Fed policymakers are optimistic that the economy will improve in the months ahead. Headwinds have faded. The housing sector is now a tailwind. Residential construction activity is a small part of overall GDP, but rising home prices have a big impact on household balance sheets. There are still a large fraction of homeowners underwater on their mortgages, but the increase in home prices helps to reduce these strains. The biggest drag this year is fiscal policy, which is expected to shave about 1.5 percentage points from GDP growth.
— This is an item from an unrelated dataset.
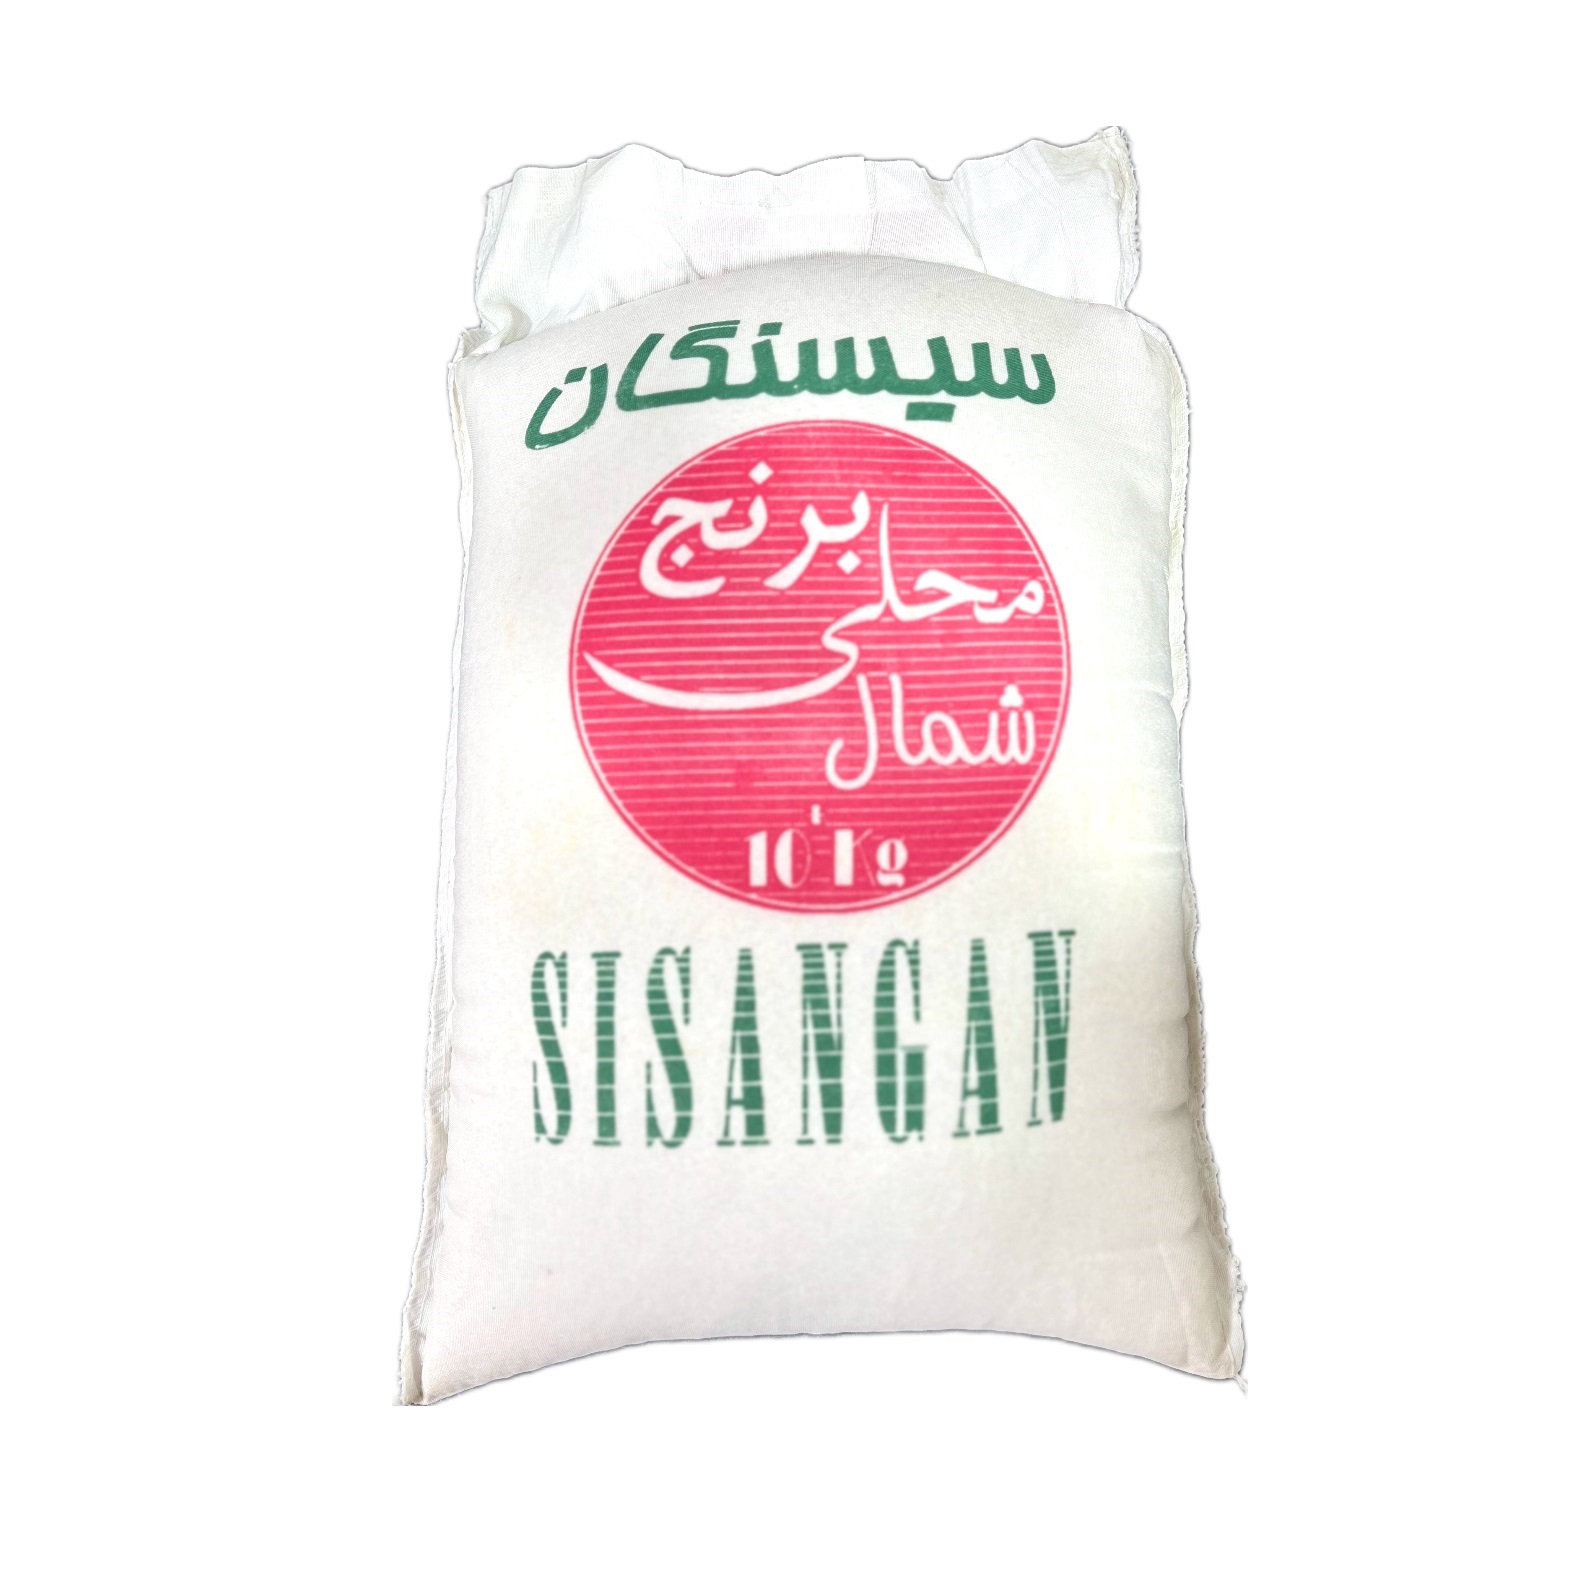 نکته خرید - قیمت روز برنج طارم اعیونی سیسنگان - 10 کیلوگرم خرید

Oddly, while the Fed and most economists are optimistic about the second half of the year, the recent data point to softer growth in the first half of the year. Real GDP growth was revised down to a 1.8% annual rate in the 3rdestimate for 1Q13 and most of that was in the meat and potatoes (consumer spending and business fixed investment). Consumer spending (70% of GDP) now appears to have had much less momentum at the end of the first quarter and appears to be tracking at about a 1.6% annual rate in 2Q13. Shipments of nondefense capital goods ex-aircraft, a rough proxy for business fixed investment, fell at a 1.2% annual rate in the first two months of 2Q13 (vs. +5.8% in 1Q13). Note that annual benchmark revisions to the GDP data are due on July 31, so the trend in spending could change. In addition, this will be a comprehensive revision. The Bureau of Economic Analysis will make changes to the methodology (the biggest change will be the addition of intellectual property products to business fixed investment).

In recent speeches, Fed officials continued to note that fiscal policy is the major economic headwind this year. The expectation of second half improvement in growth is based on an expected fading of the fiscal policy drag. Most of the drag comes from the increase in the payroll tax. Households should be adjusting to that, but the impact on spending could still have a longer lag. In addition, sequester cuts to government spending occur over time. That should have a dampening effect on GDP growth in 3Q13, but it’s unclear how much and whether strength in other areas, such as housing, will offset that.

Except for St. Louis President Bullard, Fed officials have been complacent about the low trend in inflation, which is seen as being due to “transitory” factors. However, if economic growth fails to pick up in the second half, the low inflation trend could become much more problematic. Inflation-adjusted interest rates are what matters for the economy. Real rates have risen.